== WHAT THE EXERCISE ASKS ==
A copy of the listing below is needed, exact in every line and without images.

== SUPPLIED INFORMATION ==
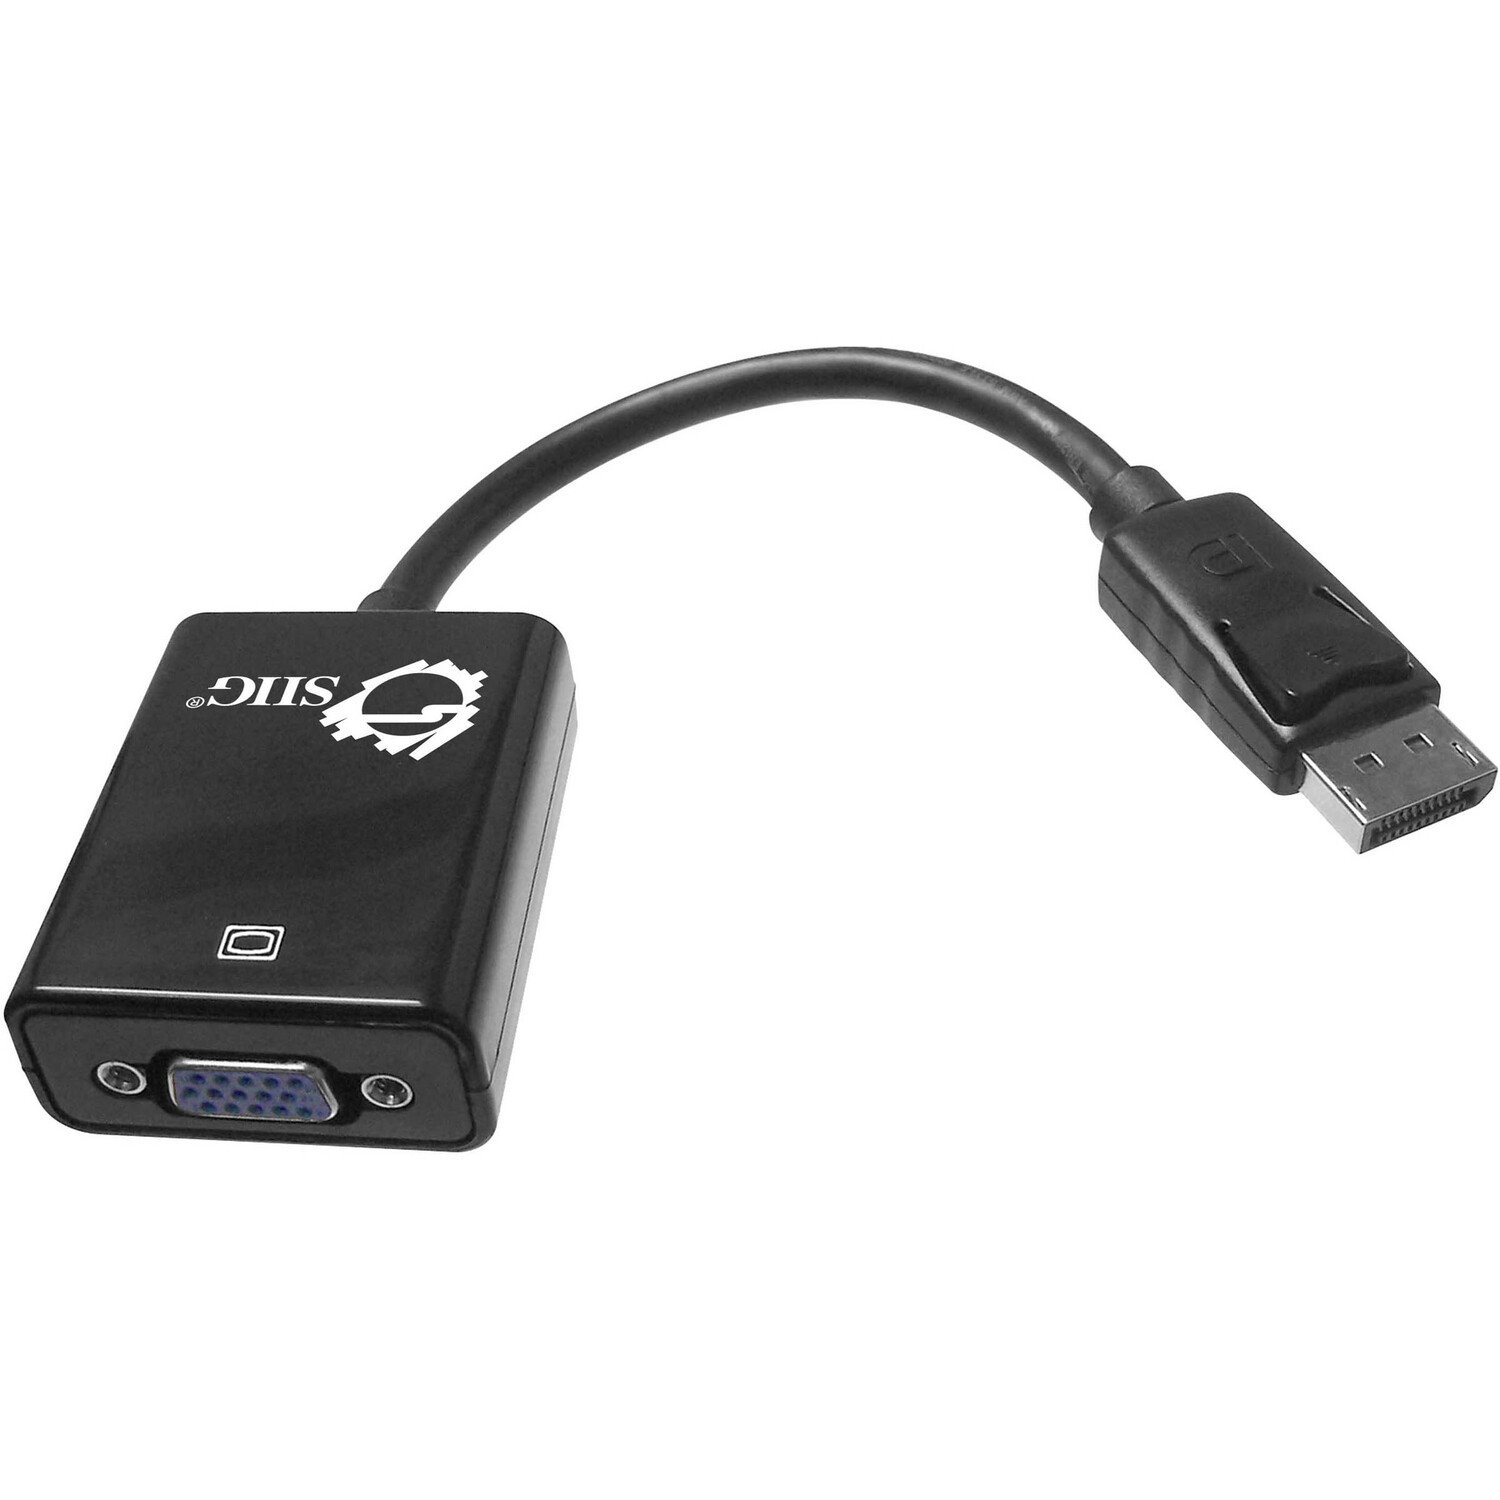 SIIG 22.86 cm DisplayPort/VGA Video Cable
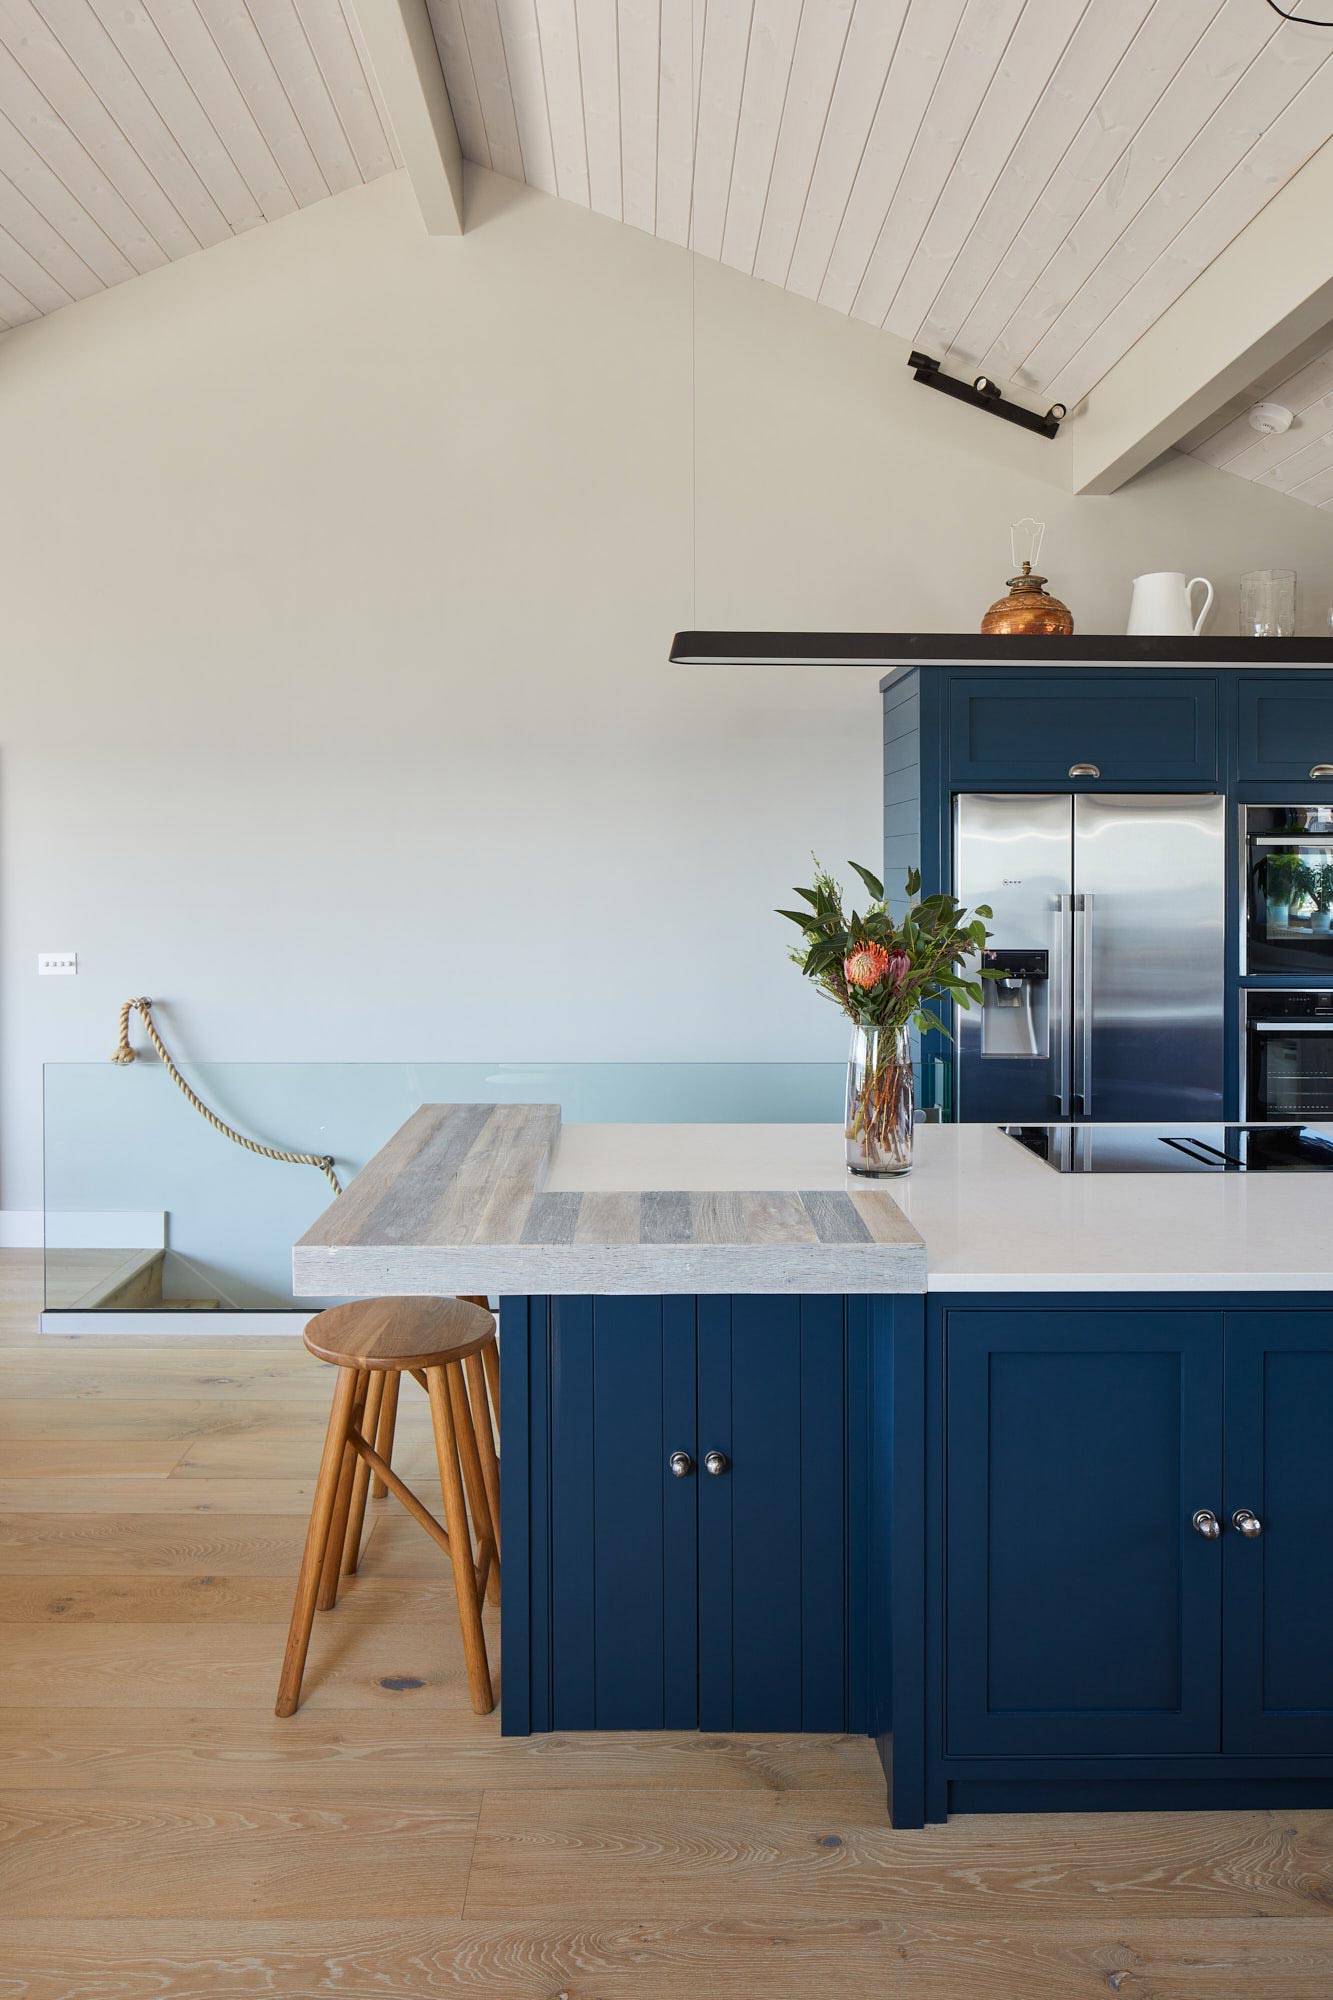 Bespoke blue kitchen island with two oak bar stools
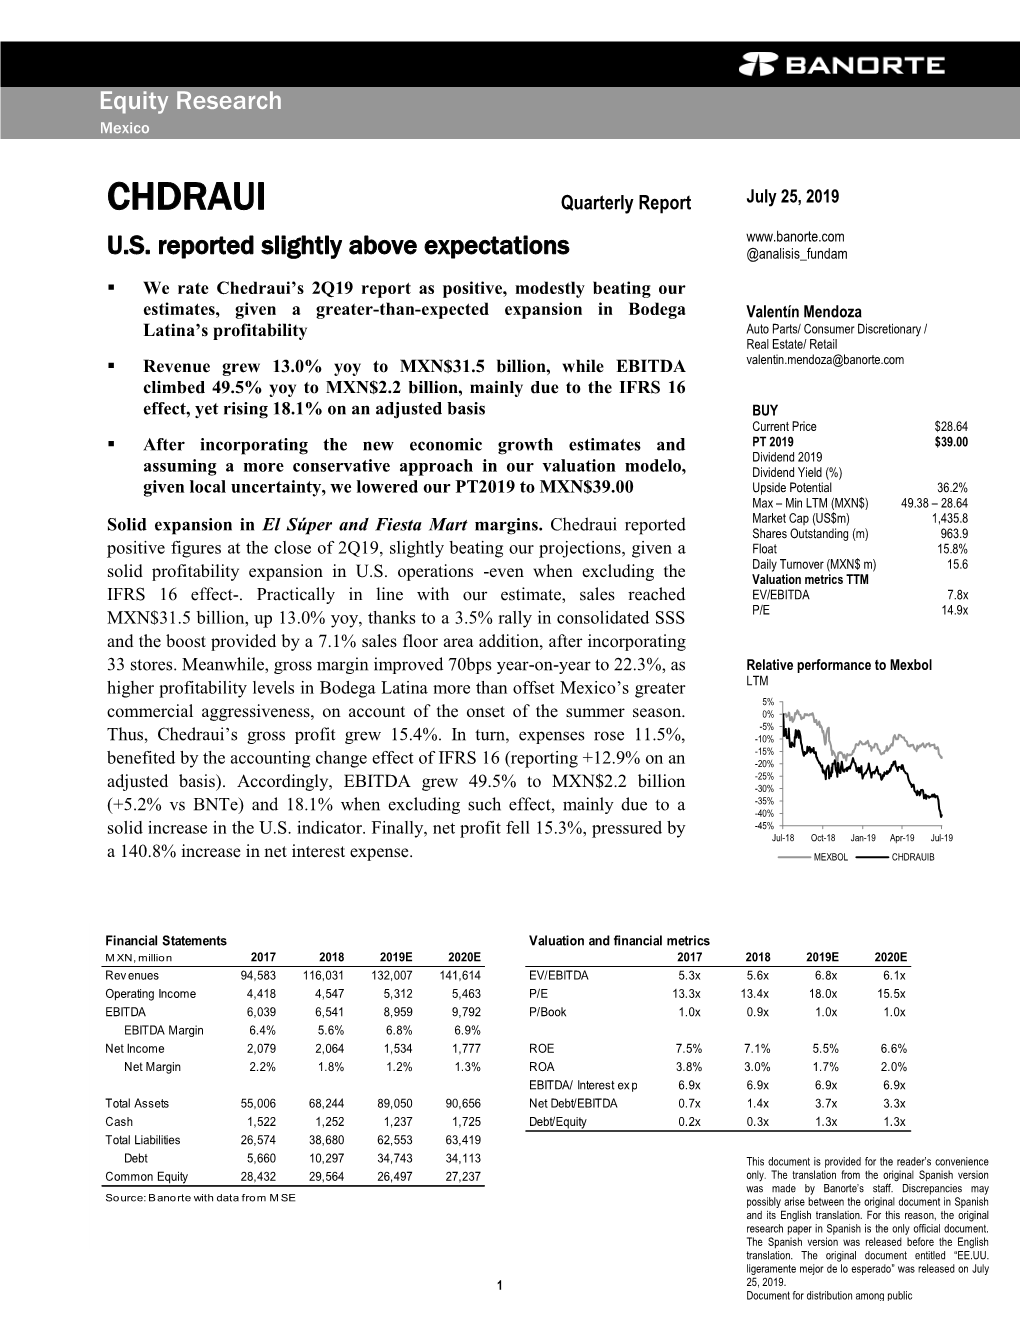 CHDRAUI Quarterly Report July 25, 2019

== RESPONSE AREA ==
 SIIG 22.86 cm DisplayPort/VGA Video Cable
 Bespoke blue kitchen island with two oak bar stools
 CHDRAUI Quarterly Report July 25, 2019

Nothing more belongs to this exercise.